## EXERCISE DATA
※
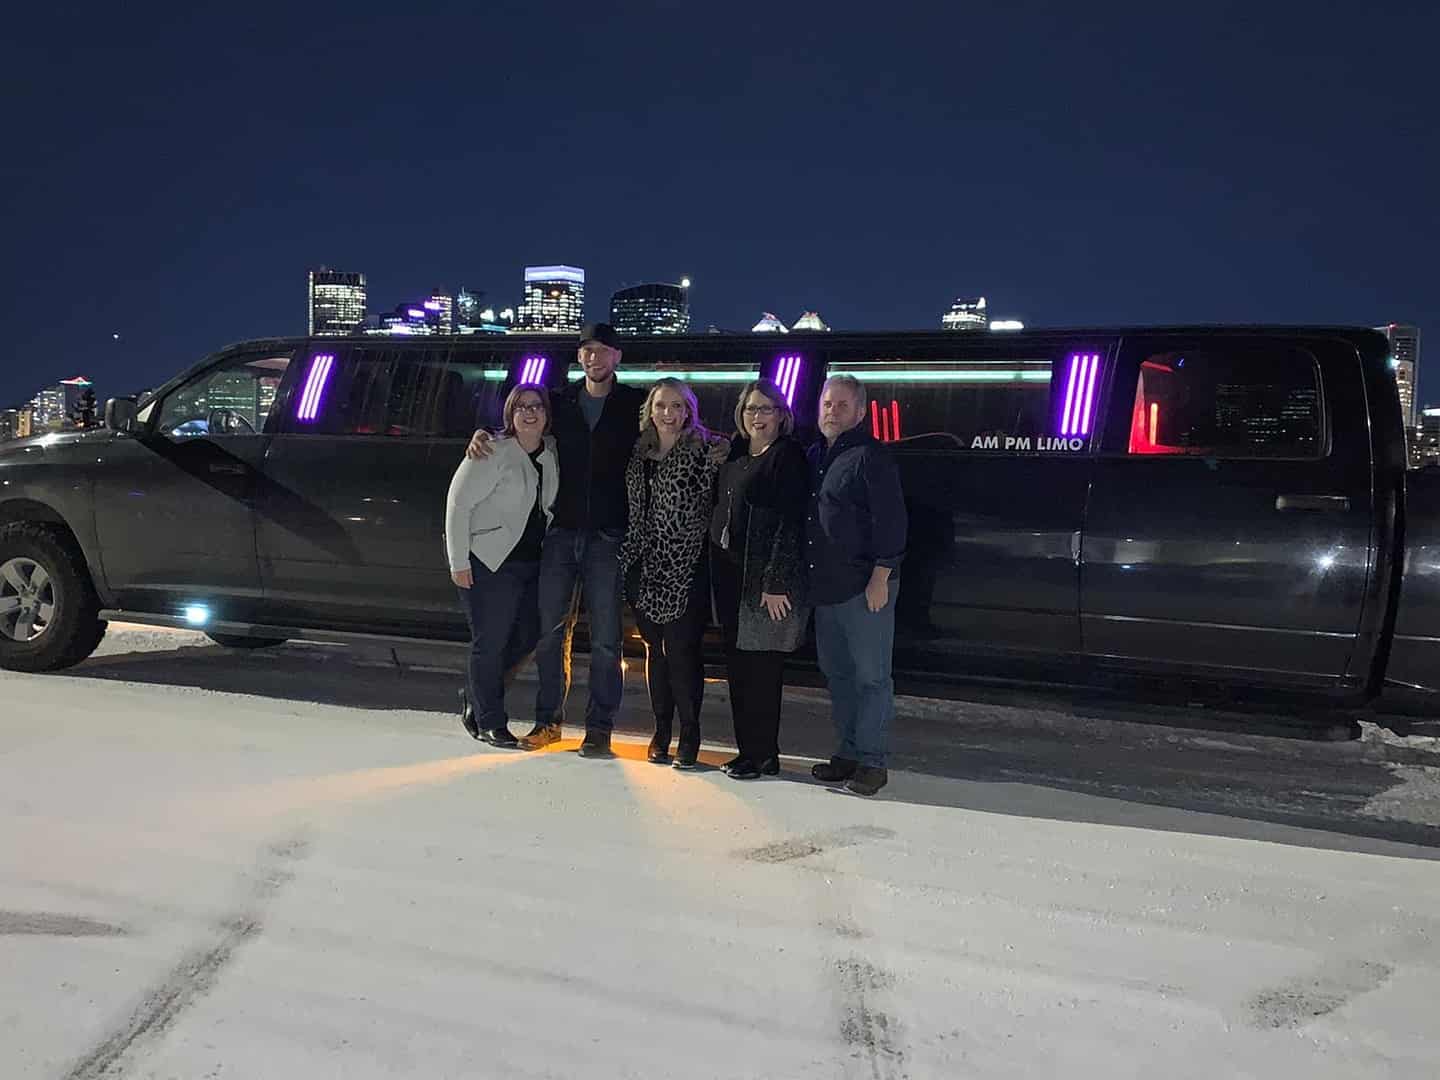 Small group smiling in front of Black Dodge Ram Limo
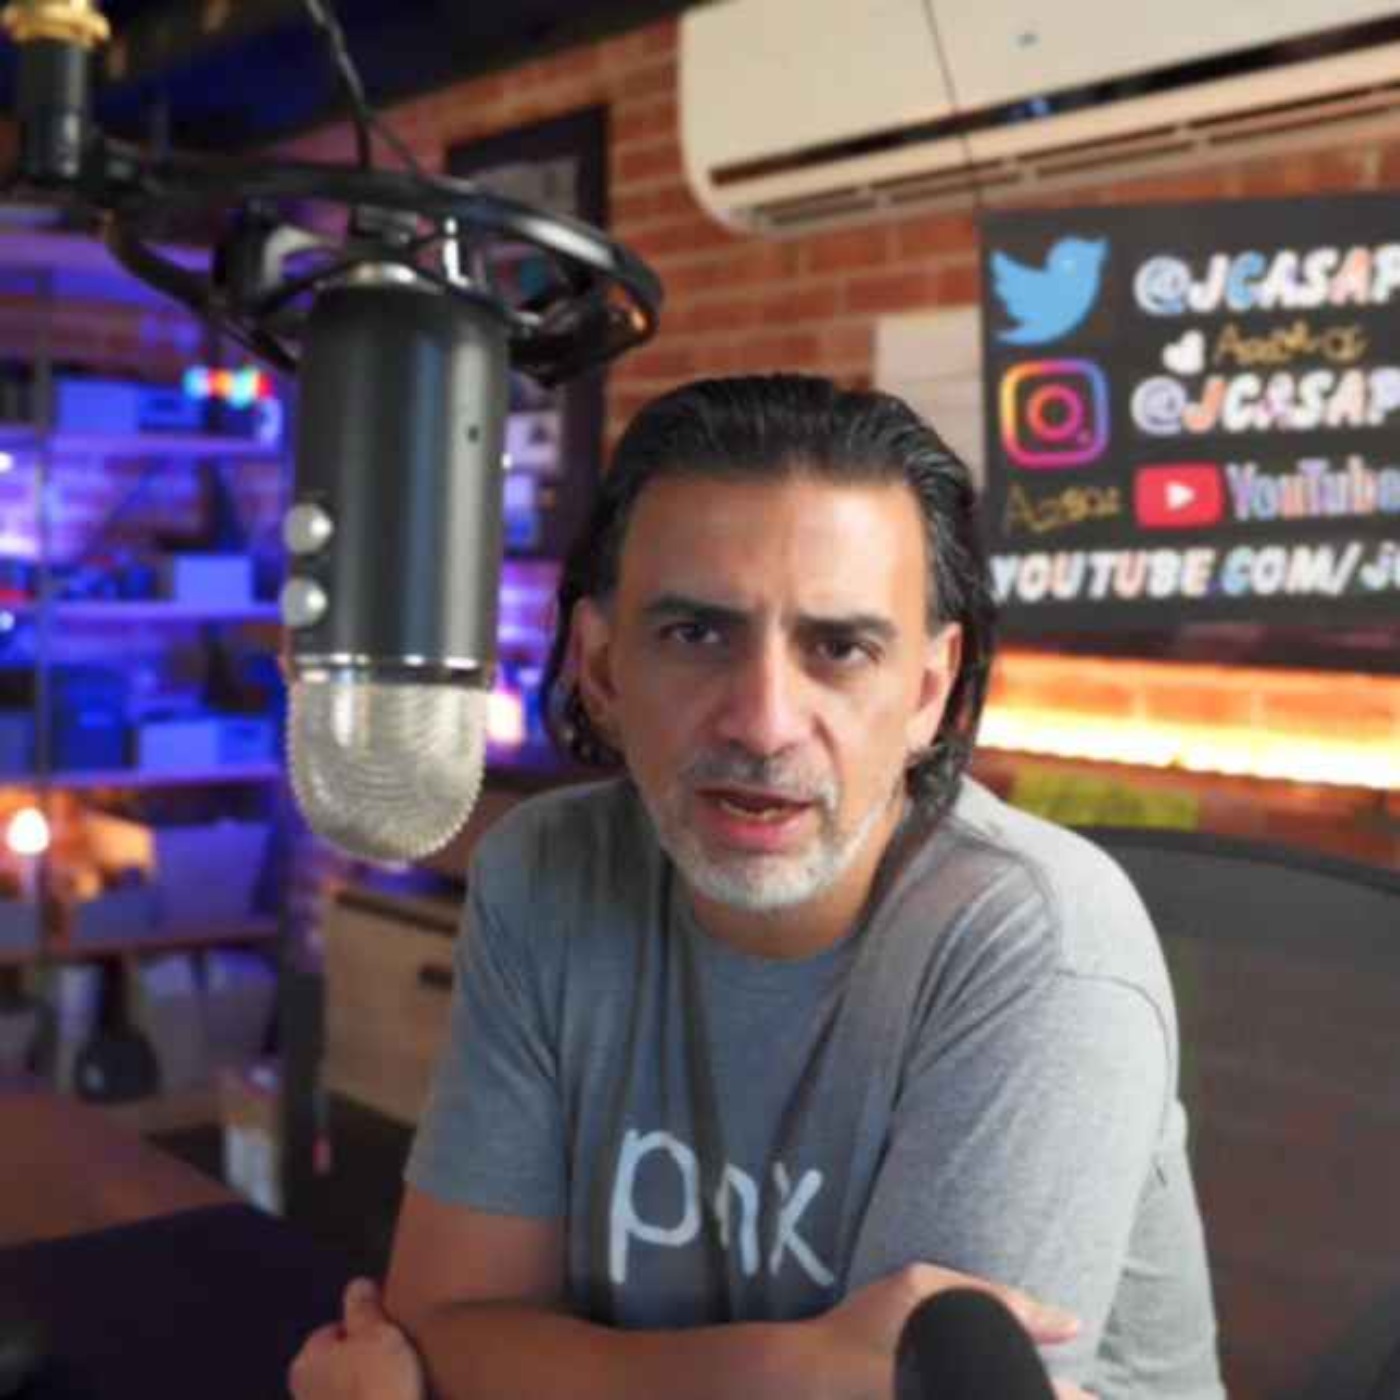 393: Jaime Casap, part 2: If a global pandemic isn't the end, what is?
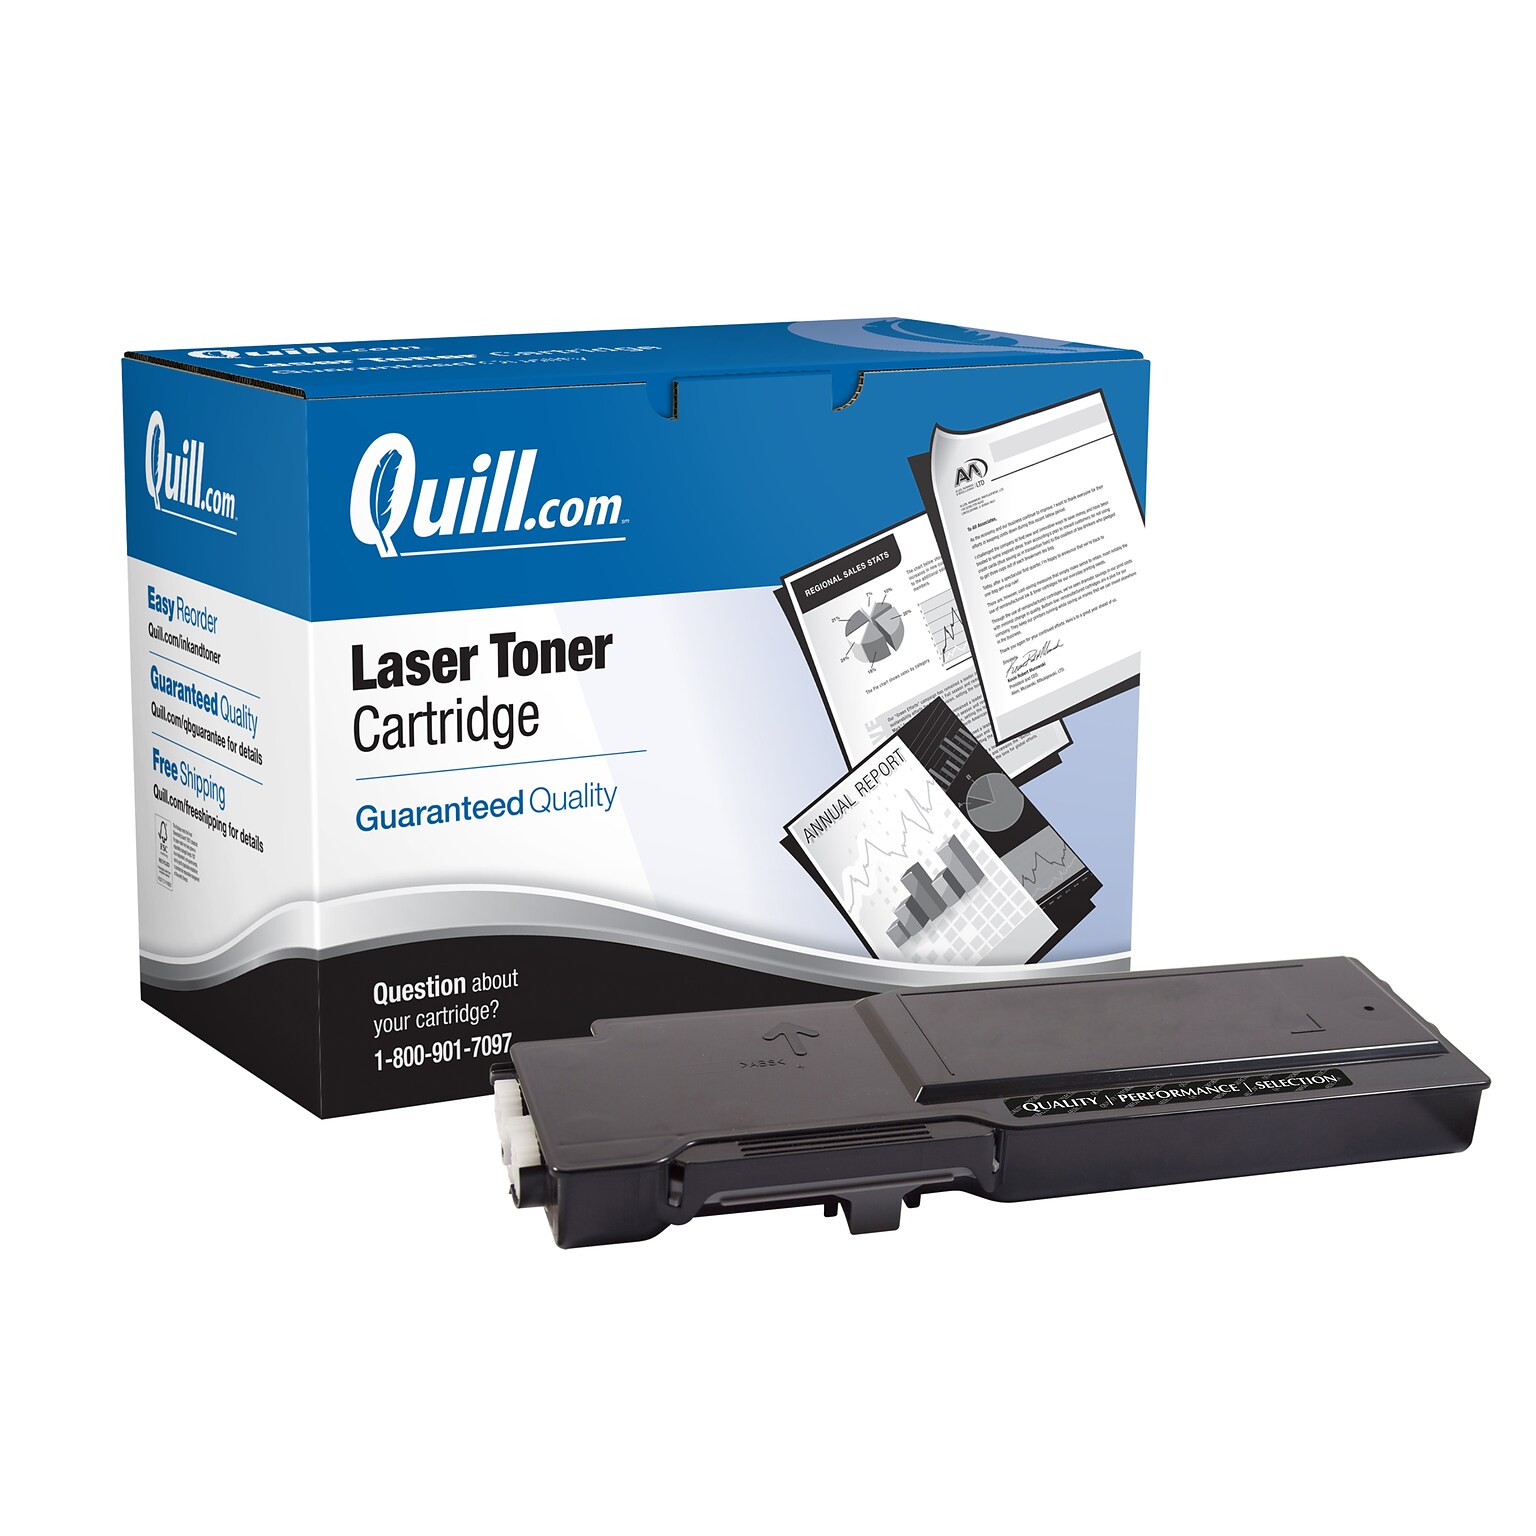 Quill Brand® Remanufactured Black High Yield Toner Cartridge Replacement for Xerox 6600/6605 (106R02228) (Lifetime Warranty)
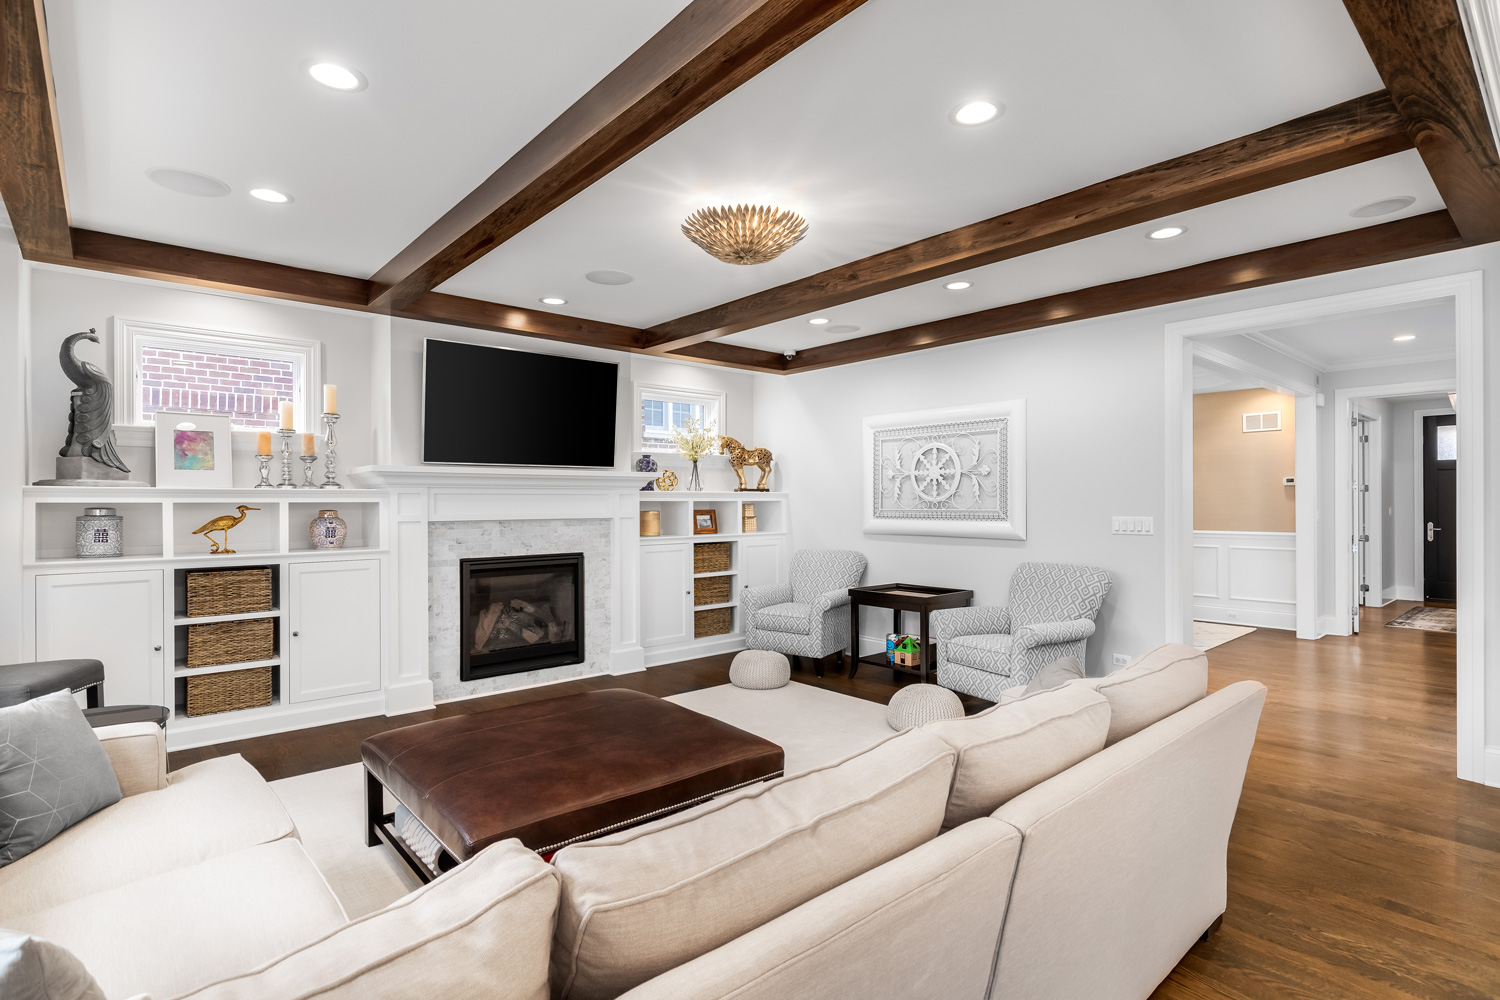  A luxury, modern farmhouse living room with wood beams on the ceiling, a tiled fireplace surrounded by built in shelves and furniture on the hardwood flooring.
※
## WORK INSTRUCTIONS
Omit the pictures, then copy out all the data exactly as it stands.

## ANSWER
 Small group smiling in front of Black Dodge Ram Limo
 393: Jaime Casap, part 2: If a global pandemic isn't the end, what is?
 Quill Brand® Remanufactured Black High Yield Toner Cartridge Replacement for Xerox 6600/6605 (106R02228) (Lifetime Warranty)
  A luxury, modern farmhouse living room with wood beams on the ceiling, a tiled fireplace surrounded by built in shelves and furniture on the hardwood flooring.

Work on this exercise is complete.